Conclusion: Apparently, with almost no trouble at all we miraculously located and fertilized my last good egg when we conceived my daughter. Or something pretty close.
The doctor almost sold me on in-vitro fertilization before our hour-long consultation was over. She said (prompted by my inquiry about something that until yesterday was not an option) that with a donated egg and my husband’s sperm, I have an excellent chance of achieving a healthy, successful pregnancy. In fact, I even have time to think about it because most women remain candidates until age 50 or even a little beyond.
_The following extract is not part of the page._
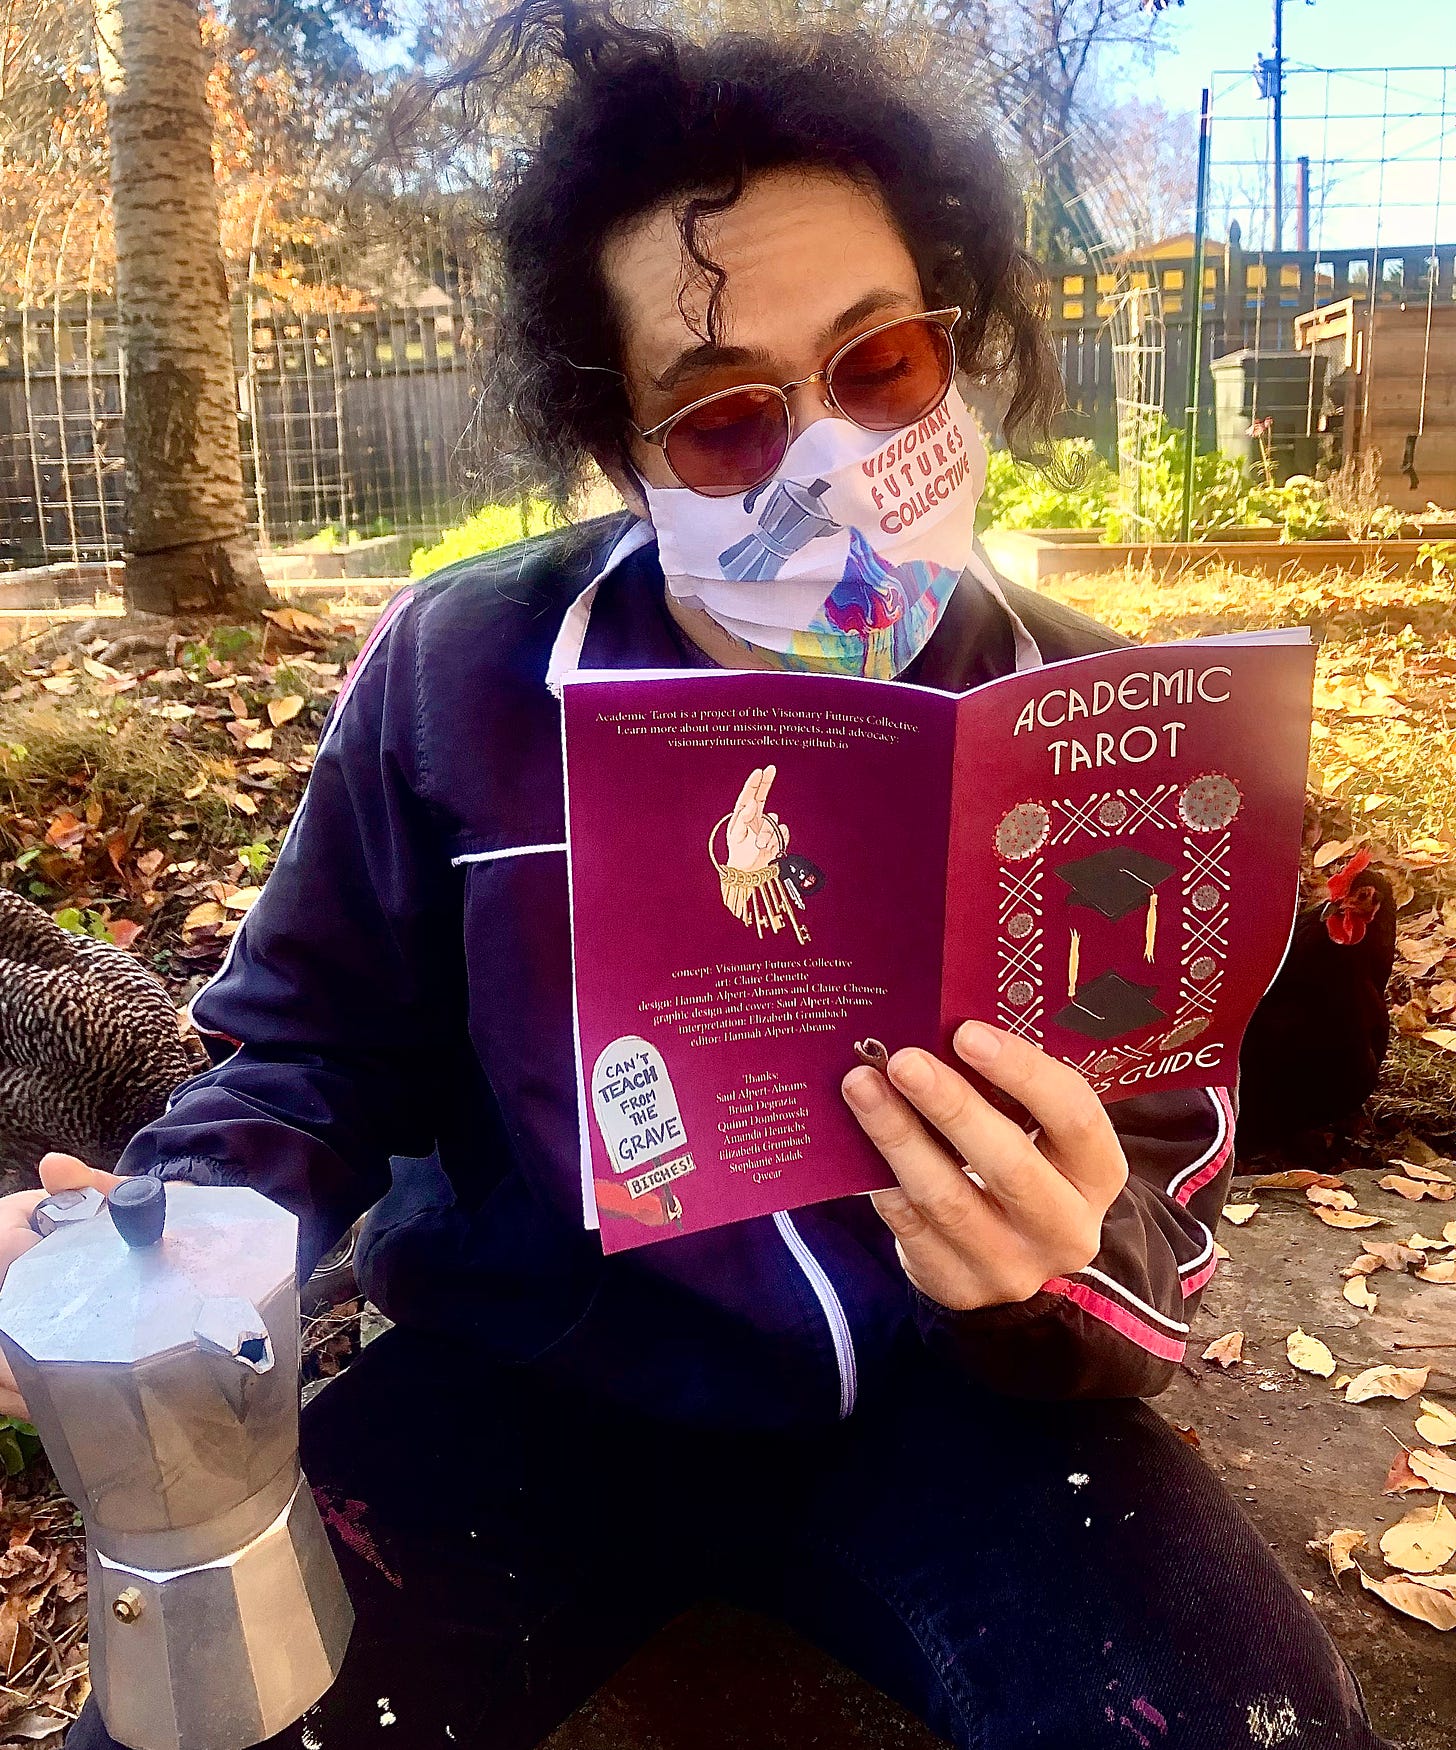 A white man with curly hair holds a Moka pot while reading the Academic Tarot reader's guide in a sunny autumnal courtyard, while chickens look on.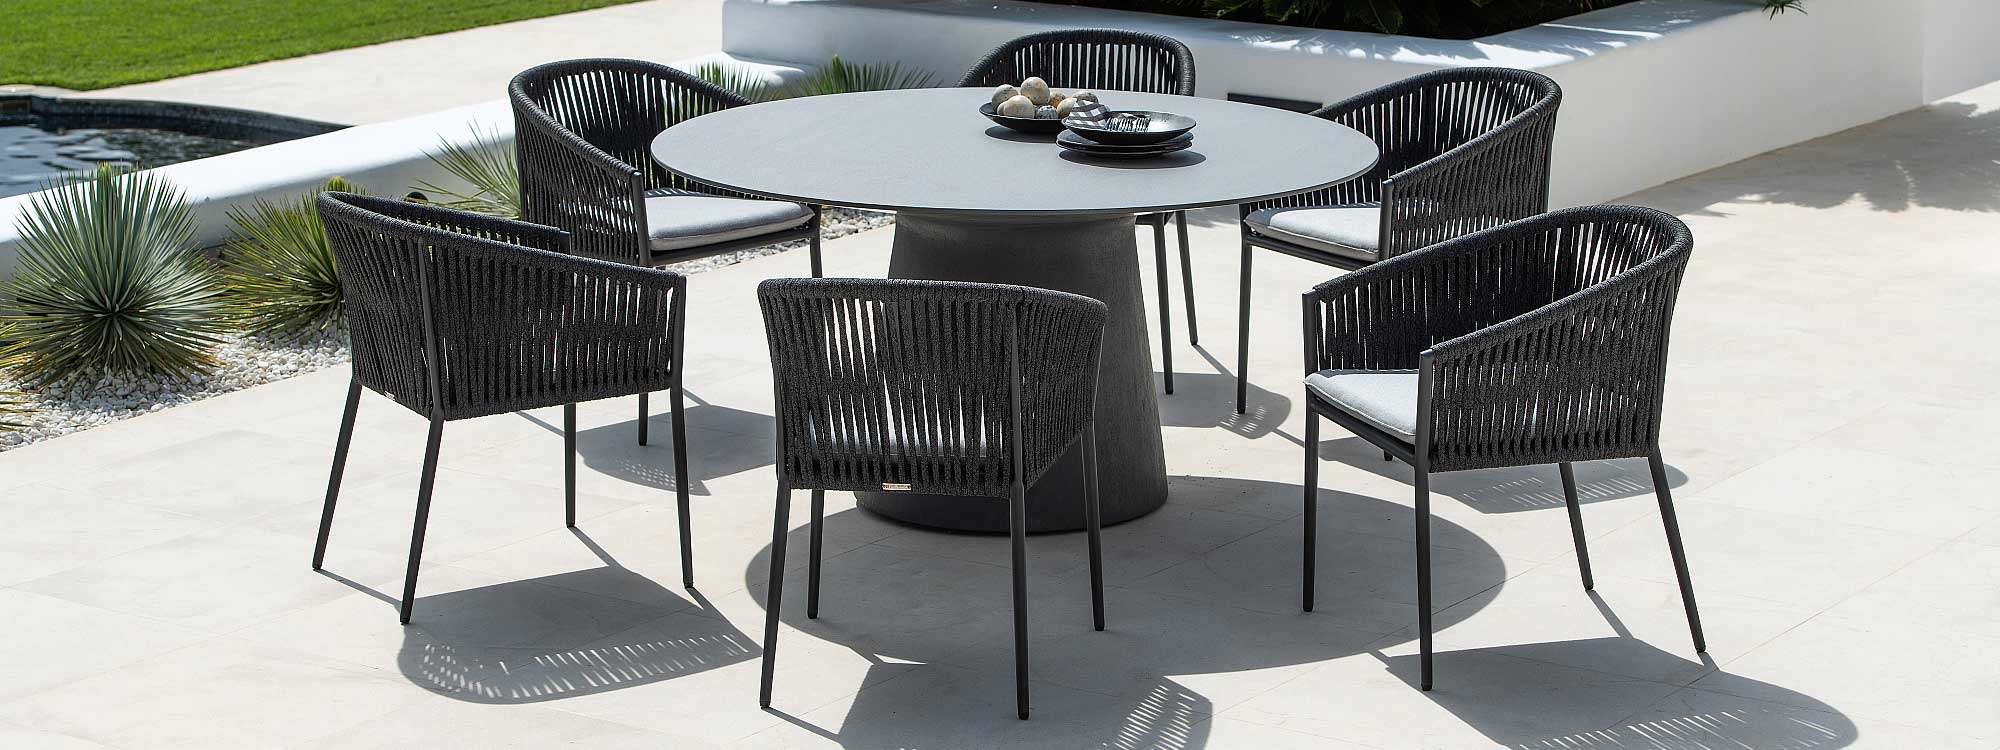 Image of Jati & Kebon Fortuna Rope charcoal black garden dining chairs around a chic circular garden table on a sunny terrace

She also said that the $30,000 price tag could be cut by about one third if I agreed to share one batch of harvested eggs with another couple because we could split the costs associated with the egg donation.
And now I know that if I had $20,000 I would write the check. Unfortunately, I don’t. And although we are not in bad shape financially, we have just enough debt that I’m not comfortable taking out a loan to cover the cost. Come back in four years when our car and mortgage are both paid off and you’ll find a woman who would be happy to take on a loan of that size. But today it would be a struggle. And only compounded by depression if we had to make the payment on a failed attempt.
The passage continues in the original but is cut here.